§ **Work task**
Only one stretch of the data below is needed. Output the lines from the one with "Chanel - Ohrringe" up to and including the one with "Logo Echt kuh-l: Text farbigen Hintergrund", exactly as they stand.

§ **Task inputs**
════════════════
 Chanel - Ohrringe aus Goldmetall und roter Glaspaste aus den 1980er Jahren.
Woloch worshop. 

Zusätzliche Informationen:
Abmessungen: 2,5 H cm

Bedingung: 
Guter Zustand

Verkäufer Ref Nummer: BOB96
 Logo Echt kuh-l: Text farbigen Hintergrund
════════════════
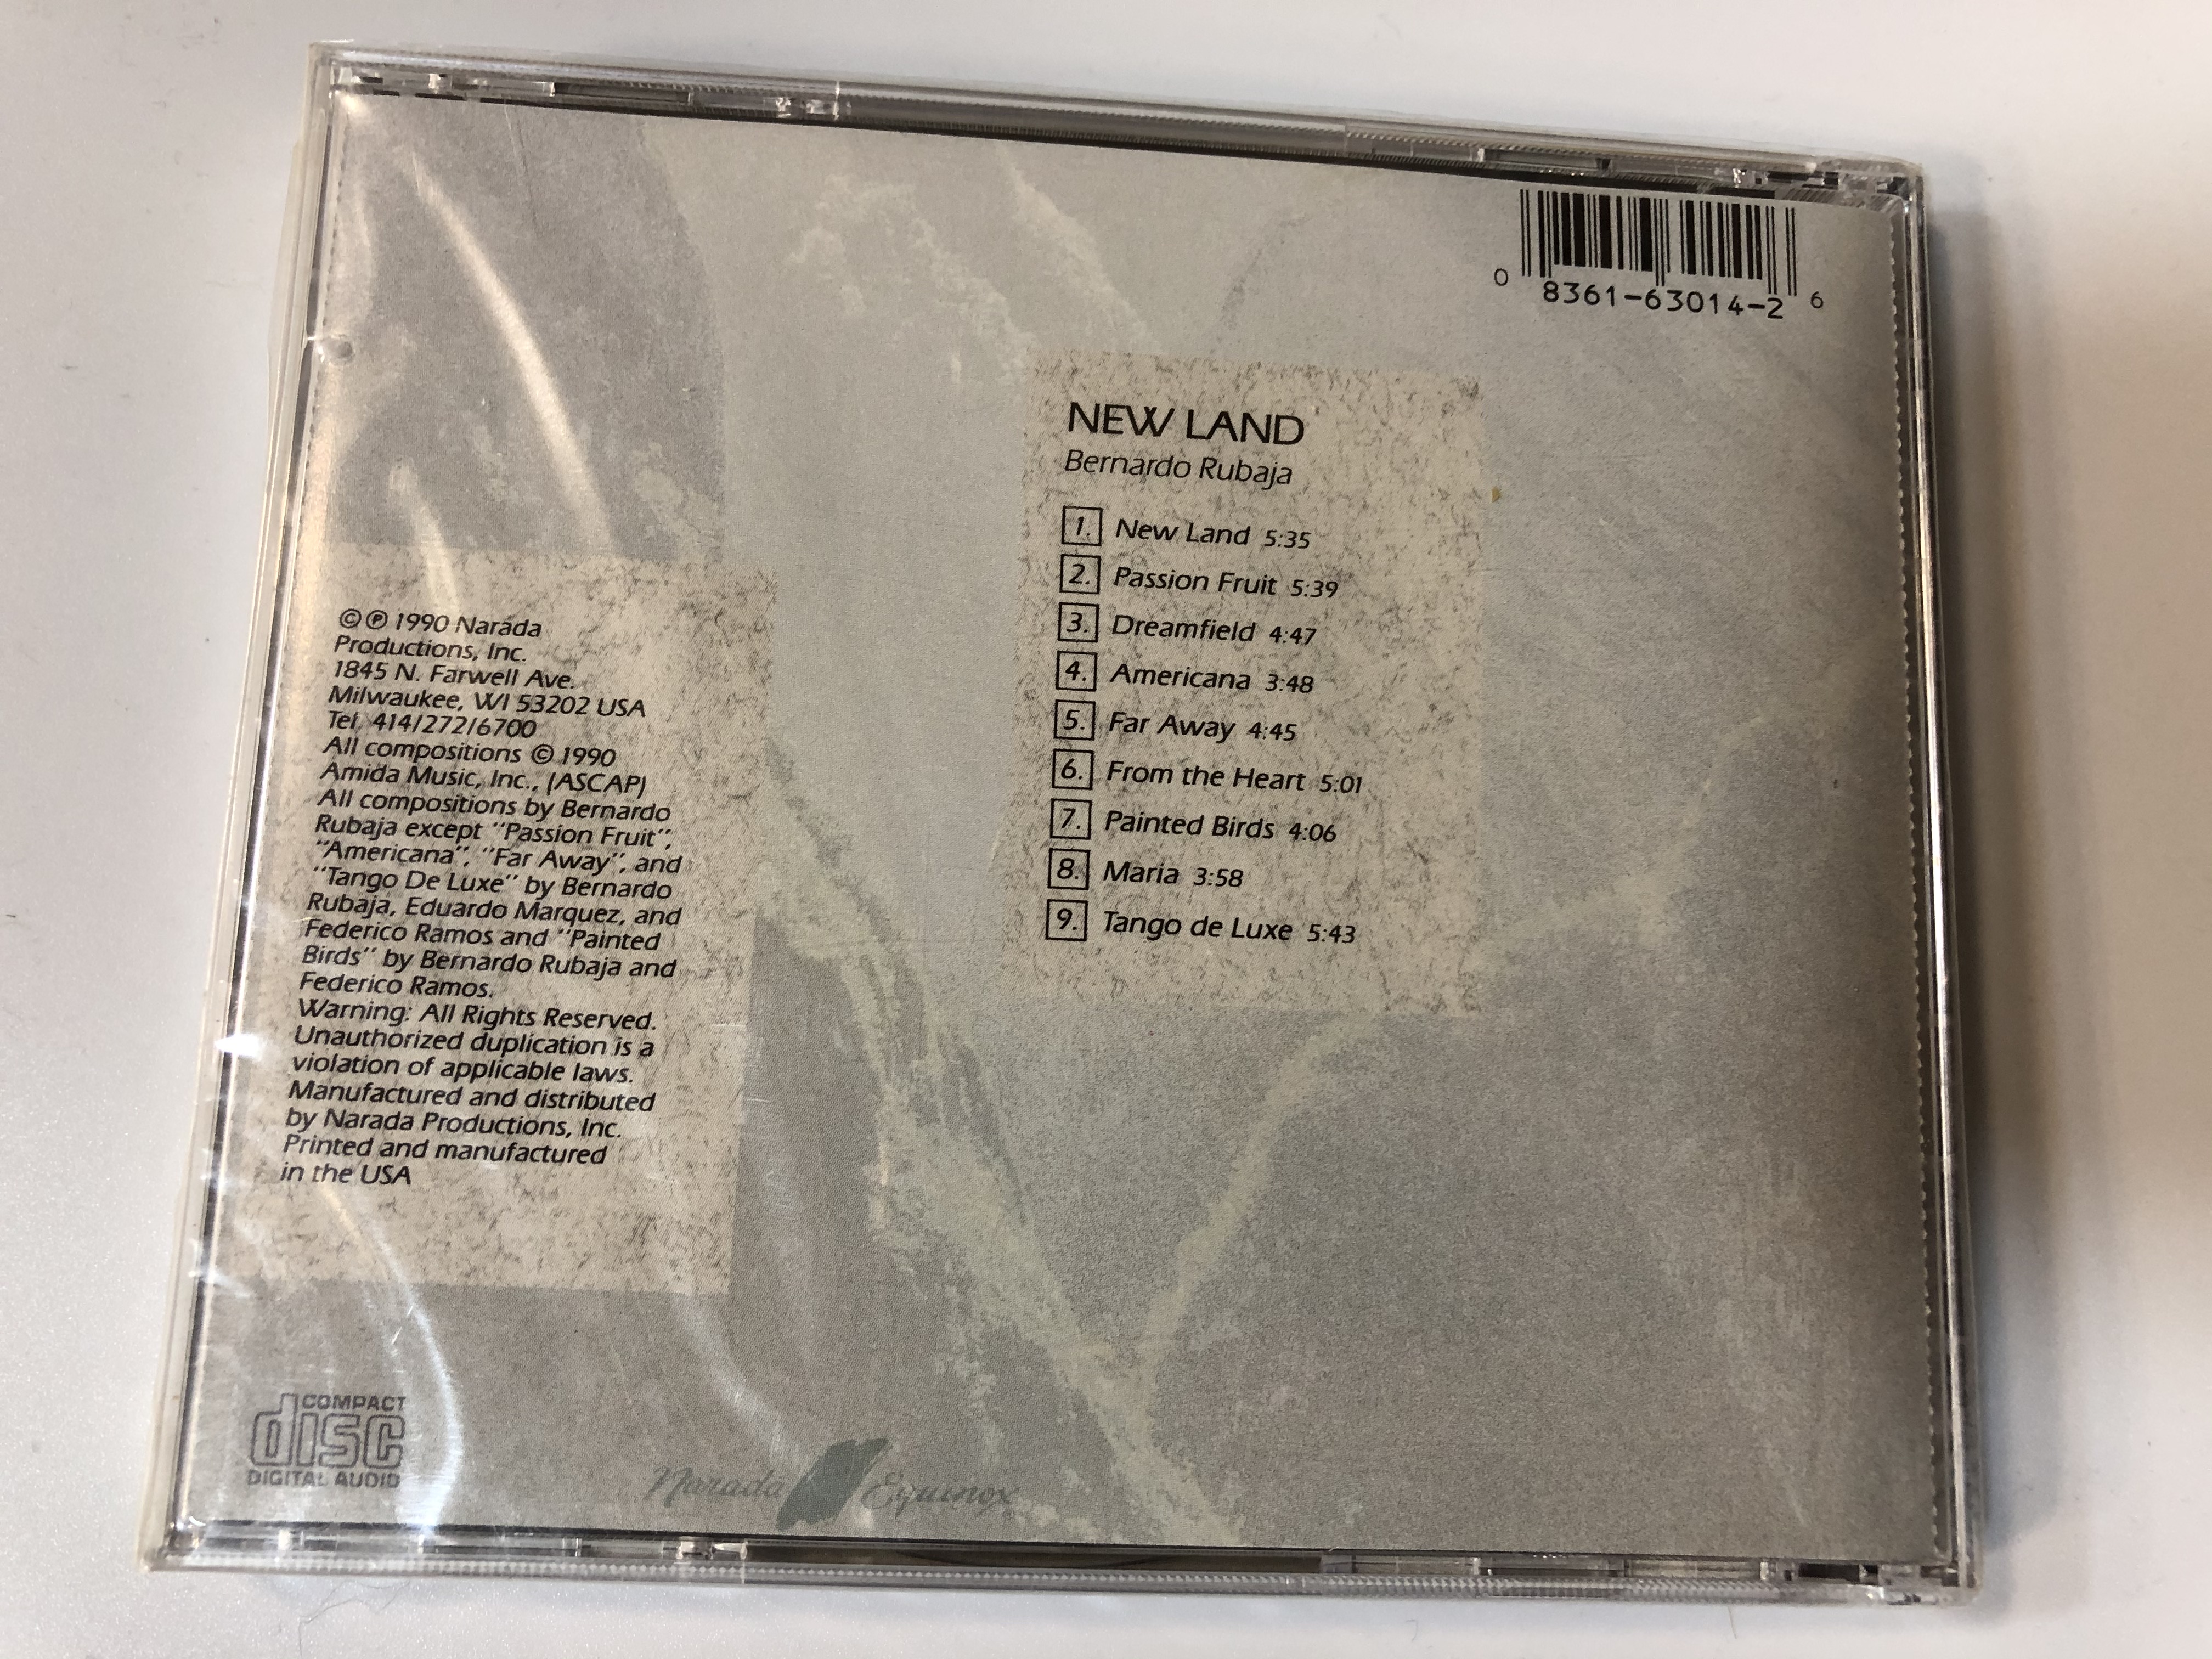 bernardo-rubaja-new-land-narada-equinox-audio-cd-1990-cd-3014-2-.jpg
════════════════
§ **Answer to the problem**
 Chanel - Ohrringe aus Goldmetall und roter Glaspaste aus den 1980er Jahren.
Woloch worshop. 

Zusätzliche Informationen:
Abmessungen: 2,5 H cm

Bedingung: 
Guter Zustand

Verkäufer Ref Nummer: BOB96
 Logo Echt kuh-l: Text farbigen Hintergrund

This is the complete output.